Escenarios de leyenda
Al igual que los aeropuertos y las estaciones de tren, los hoteles tienen algo de “no lugares”: son espacios de paso, paradas en el camino, sitios de tránsito, a veces con su propia mitología
Hace años viví durante dos meses en un hotel. A pesar de que no era un establecimiento de lujo, recuerdo la experiencia como una bendición: aquellas sábanas misteriosamente remetidas, las toallas limpias y esponjosas que aparecían cada día en el cuarto de baño, el orden que reinaba en mi cuarto a pesar de abandonarlo hecho una leonera… Podría vivir en un hotel el resto de mis días y ser completamente feliz, con la despreocupación de no tener que comprar leche ni café para el desayuno, segura de que siempre habrá jabón en el lavabo y un bolígrafo junto al teléfono para tomar notas…A los escritores nos gustan los hoteles. Tienen —igual que los aeropuertos y las estaciones de tren— algo de “no lugares”: son espacios de paso, paradas en el camino, sitios de tránsito. He dedicado parte de mi experiencia viajera a conocer hoteles míticos. Lo bueno de los establecimientos hoteleros es que uno puede ser parte de su decorado sin alojarse allí: basta con buscar un taburete en el bar, una mesa en el restaurante, y hasta un sillón en su hall: pasé una de las horas más interesantes de mi vida en el vestíbulo de un hotel de lujo de Shangai, donde me instalé en busca de la misericordia del aire acondicionado en un mediodía de calor. Pude ver a una prostituta discutiendo a gritos con un cliente con la intermediación del director del hotel, a un hombre de negocios árabe con cinco esposas charlatanas, a una mujer empeñada en alojarse con tres perros sólo un poco más grandes que la enorme pamela que llevaba, a un anciano caballero oriental imperturbablemente vestido de invierno en la canícula del verano chino y a una madre con una caterva de chiquillos alborotadores que parecían una burla a la política de hijo único y a los que llamó al orden con un grito tan certero que cortó el aire como un cuchillo e hizo enmudecer a todos los clientes.

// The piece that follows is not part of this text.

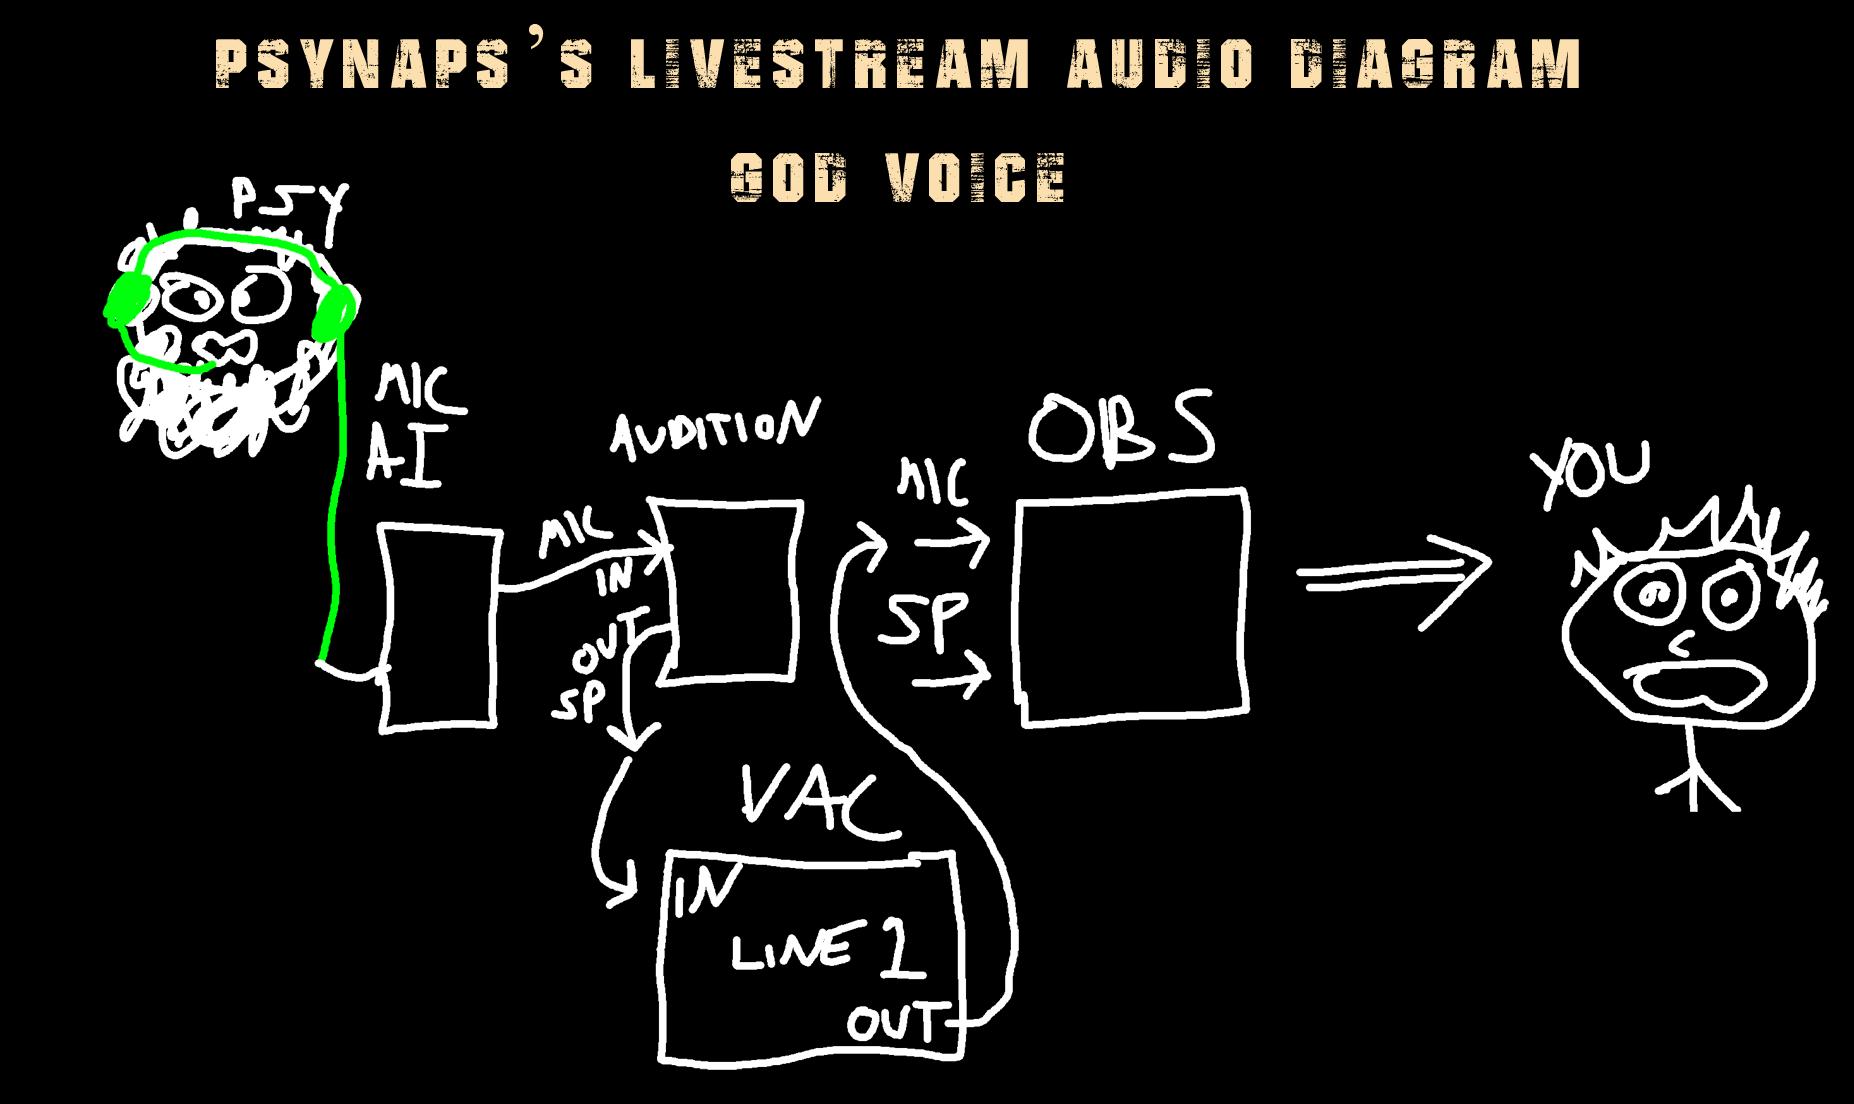 how to rewind on a live twitch stream

El mundo está lleno de hoteles fascinantes, a pesar de que a veces son superados por su propia leyenda: el mítico Pera Palace de Estambul, donde se alojaba Agatha Christie, ha perdido buena parte de su encanto, y es difícil encontrar en él la sombra de tiempos más felices. En cambio, el Sacher de Viena está exactamente igual que hace un siglo, y las camareras llevan el mismo uniforme con delantal blanco que hace que una visita a su café en busca de la célebre tarta de chocolate y mermelada sea un viaje en la máquina del tiempo.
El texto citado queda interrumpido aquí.